Deep Equilibrium Models

(Bai et al., 2019) introduced Discrete Deep Equilibrium Models which drives a Discrete Dynamical System to its steady-state. (Pal et al., 2022) extends this framework to Continuous Dynamical Systems which converge to the steady-stable in a more stable fashion. For a detailed discussion refer to (Pal et al., 2022).

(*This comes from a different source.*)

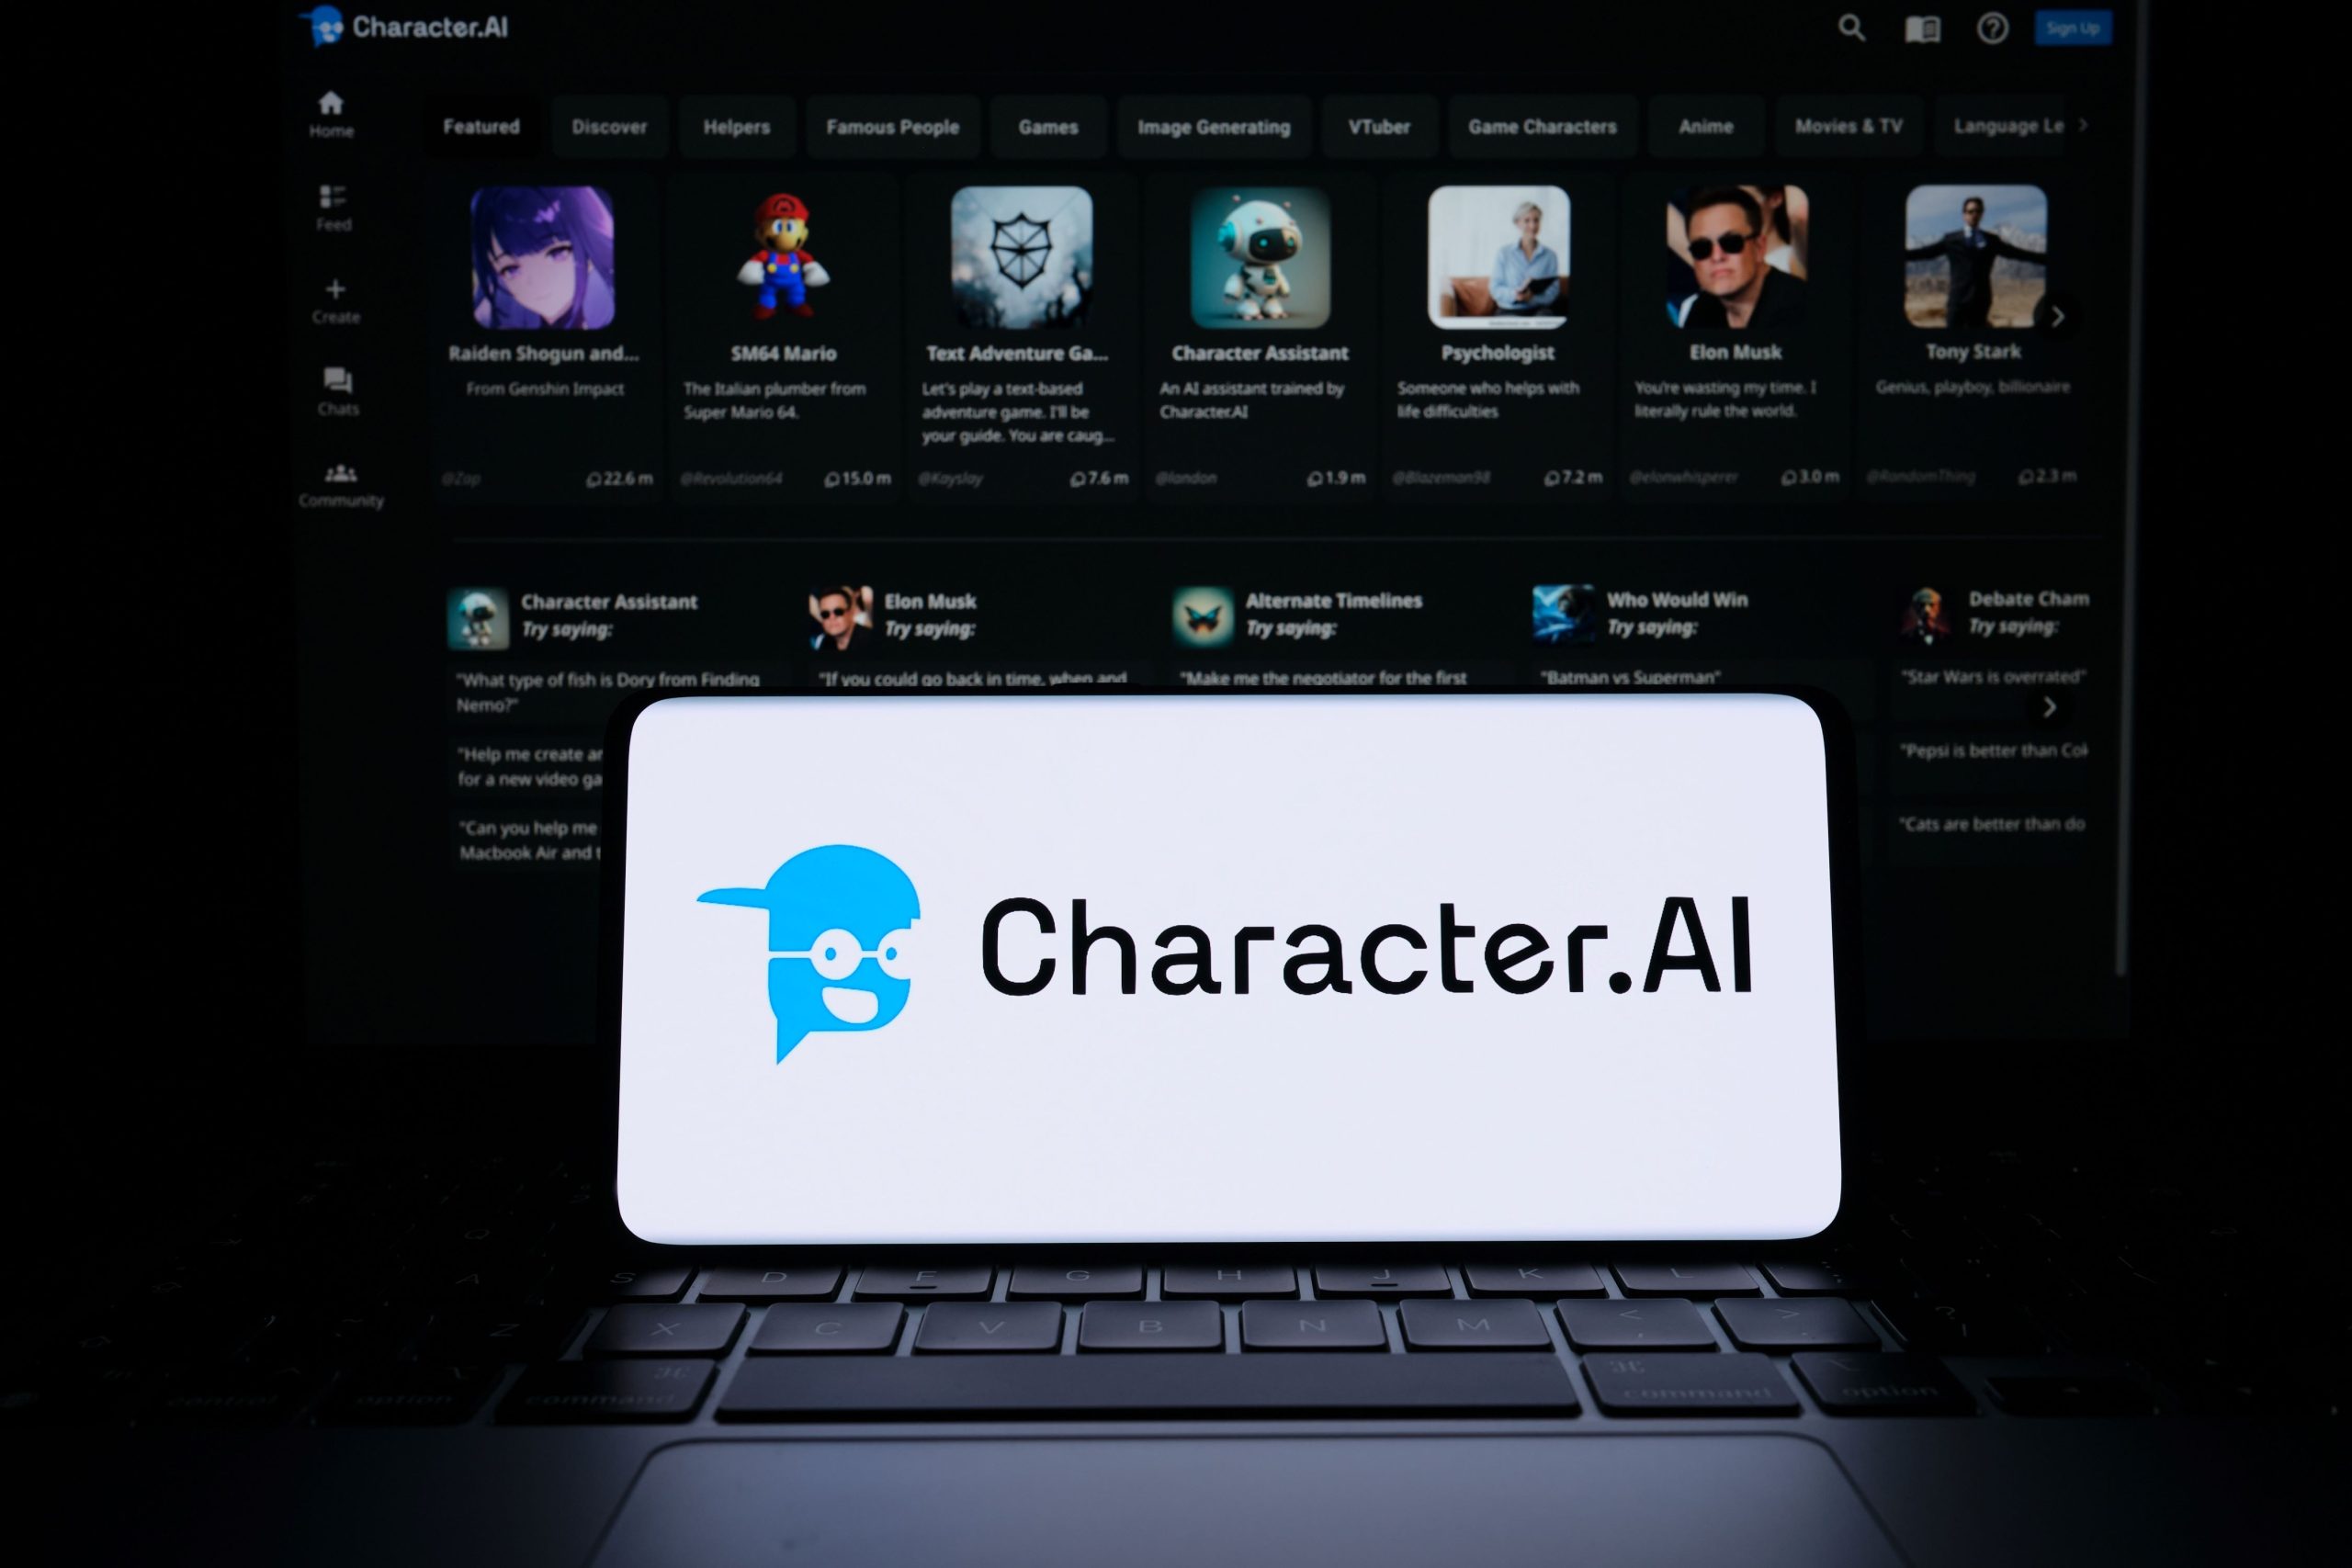 Character AI vs ChatGPT: Which is Better? (2023)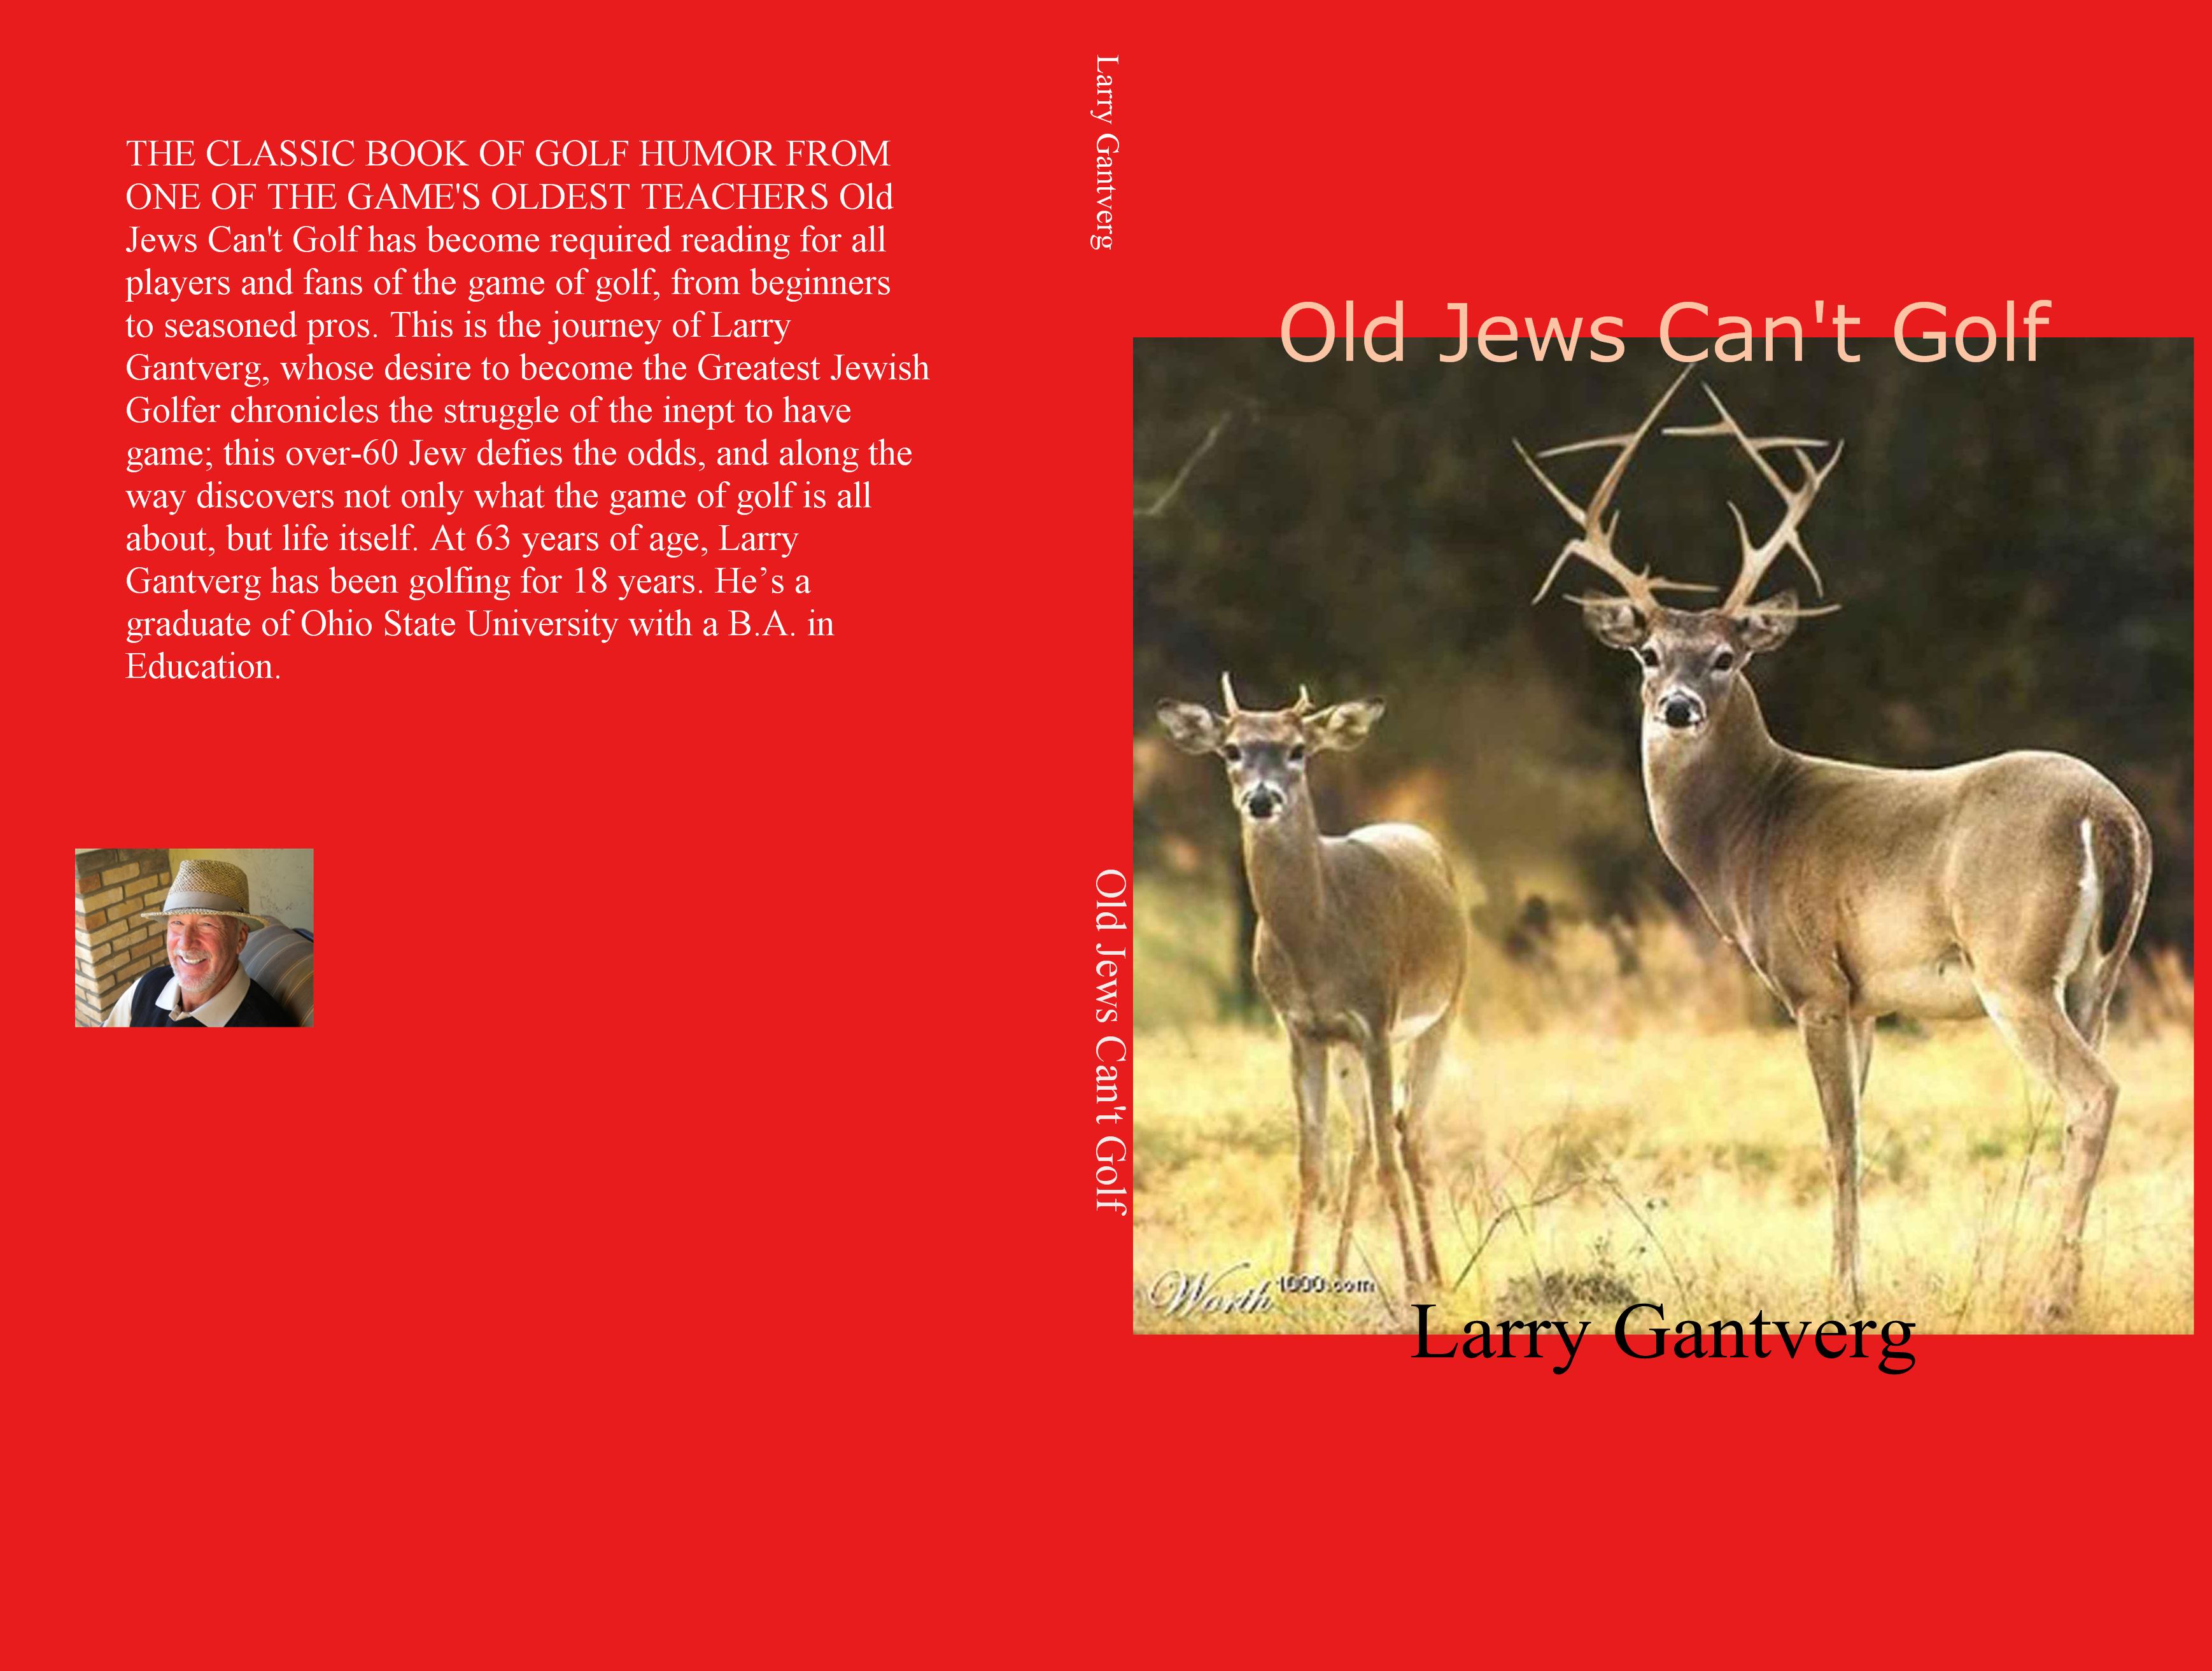 Old Jews Can

To construct a continuous DEQ, any ODE solver compatible with DifferentialEquations.jl API can be passed as the solver. To construct a discrete DEQ, any root finding algorithm compatible with NonlinearSolve.jl API can be passed as the solver.

Choosing a Solver

Root Finding Algorithms

Using Root Finding Algorithms give fast convergence when possible, but these methods also tend to be unstable. If you must use a root finding algorithm, we recommend using:

NewtonRaphson or TrustRegion for small models
LimitedMemoryBroyden for large Deep Learning applications (with well-conditioned Jacobians)
NewtonRaphson(; linsolve = KrylovJL_GMRES()) for cases when Broyden methods fail

Note that Krylov Methods rely on efficient VJPs which are not available for all Lux models. If you think this is causing a performance regression, please open an issue in Lux.jl.

ODE Solvers

Using ODE Solvers give slower convergence, but are more stable. We generally recommend these methods over root finding algorithms. If you use implicit ODE solvers, remember to use Krylov linear solvers, see OrdinaryDiffEq.jl documentation for these. For most cases, we recommend:

VCAB3() for high tolerance problems
Tsit5() for high tolerance problems where VCAB3() fails
In all other cases, follow the recommendation given in OrdinaryDiffEq.jl documentation

Sensitivity Analysis

For MultiScaleNeuralODE, we default to GaussAdjoint(; autojacvec = ZygoteVJP()). A faster alternative would be BacksolveAdjoint(; autojacvec = ZygoteVJP()) but there are stability concerns for using that. Follow the recommendation given in SciMLSensitivity.jl documentation.
For Steady State Problems, we default to SteadyStateAdjoint(; linsolve = SimpleGMRES(; blocksize, linsolve_kwargs = (; maxiters=10, abstol=1e-3, reltol=1e-3))). This default will perform poorly on small models. It is recommended to pass sensealg = SteadyStateAdjoint() or sensealg = SteadyStateAdjoint(; linsolve = LUFactorization()) for small models.

Standard Models

DeepEquilibriumNetworks.DeepEquilibriumNetwork — Type

DeepEquilibriumNetwork(model, solver; init = missing, jacobian_regularization=nothing,
    problem_type::Type=SteadyStateProblem{false}, kwargs...)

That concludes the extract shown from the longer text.